Item 7.01. Regulation FD Disclosure.

On October 12, 2021, Vroom issued a press release announcing entry into the Merger Agreement. A copy of the press release is attached to this Current Report on Form 8-K as Exhibit 99.1 hereto.

In addition, Vroom provided supplemental information regarding the Merger in connection with a presentation to analysts and investors to be held on October 12, 2021. A copy of the investor presentation is attached as Exhibit 99.2 hereto.

The information furnished pursuant to Item 7.01 of this Current Report, including Exhibits 99.1 and 99.2 shall not be deemed “filed” for purposes of Section 18 of the Securities Exchange Act of 1934, as amended (the “Exchange Act”), or otherwise subject to the liability of such section, nor shall it be incorporated by reference into future filings by Vroom under the Securities Act of 1933, as amended, or under the Exchange Act, unless Vroom expressly sets forth in such future filing that such information is to be considered “filed” or incorporated by reference therein.


Item 9.01. Financial Statements and Exhibits.

(d) Exhibits.
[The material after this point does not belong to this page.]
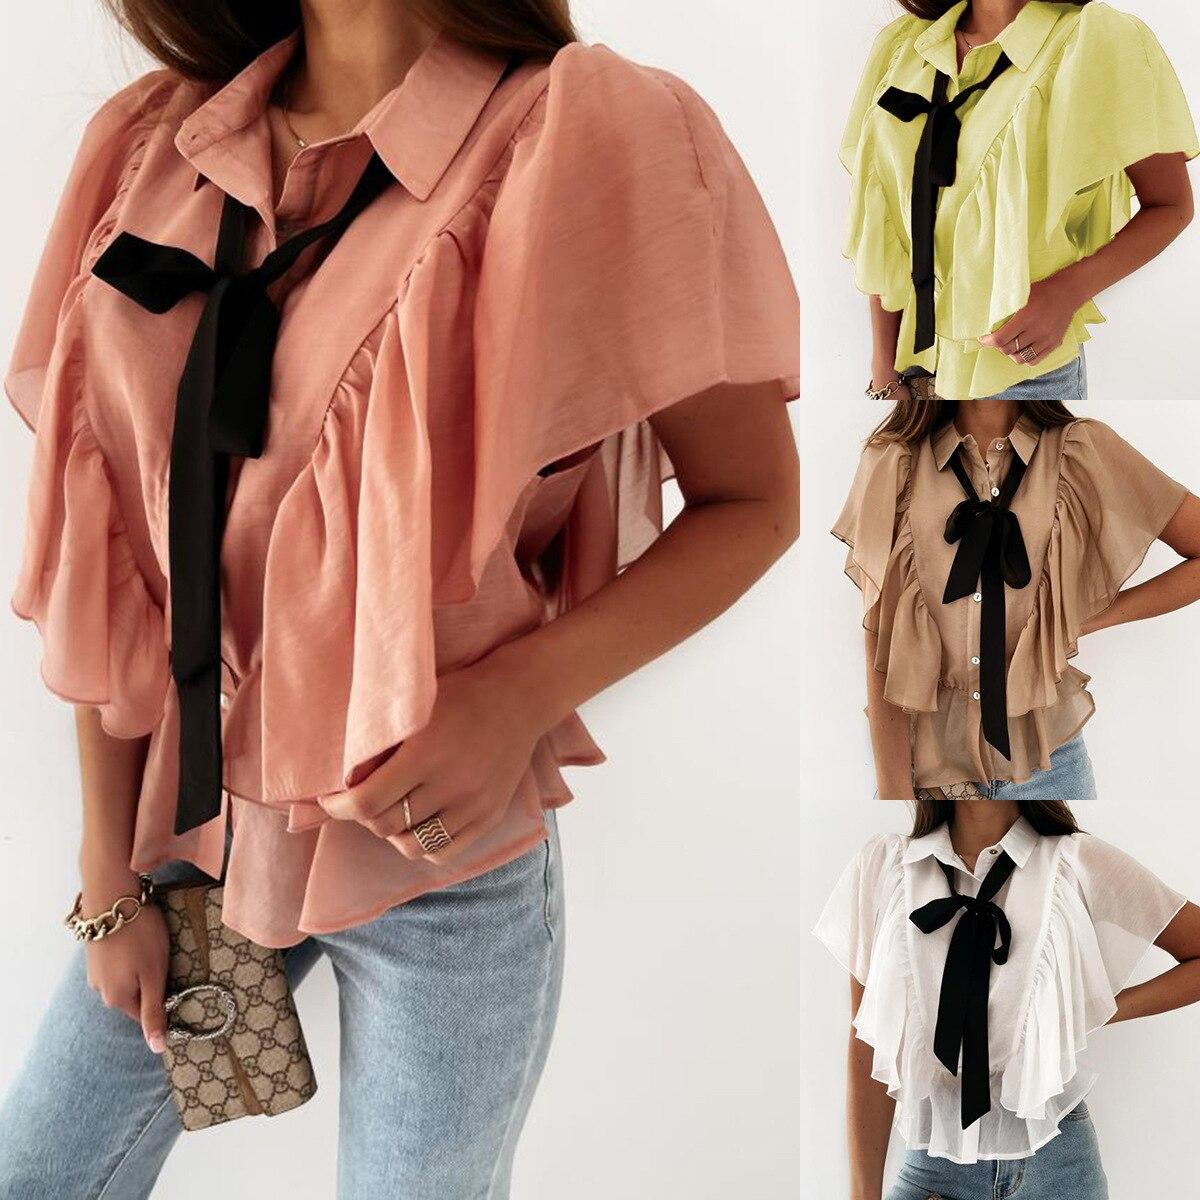 flare sleeve bow tie back blouse Summer New 2021 Women Fashion Ruffles Short Sleeve Lapel Chiffon Shirts Ladies Casual Bow-Tie Blouse Shirts Tops Streetwear

The following exhibits are filed as part of this report:


Agreement and Plan of Merger, dated as of October 11, 2021, by and among Vroom, Inc., Vroom Finance Corporation, Unitas Holdings Corp. and Fortis Advisors LLC, solely in its capacity as the equityholders’ representative.


Press release of Vroom, dated October 12, 2021 (furnished pursuant to Item 7.01).



Investor Presentation, dated October 12, 2021 (furnished pursuant to Item 7.01).

Cover Page Interactive Data File (embedded within the Inline XBRL document).

* Schedules and exhibits have been omitted pursuant to Item 601(a)(5) of Regulation S-K. A copy of any omitted schedule or exhibit will be furnished to the SEC upon request; provided, however, that the parties may request confidential treatment pursuant to Rule 24b-2 of the Securities Exchange Act of 1934, as amended, for any document so furnished.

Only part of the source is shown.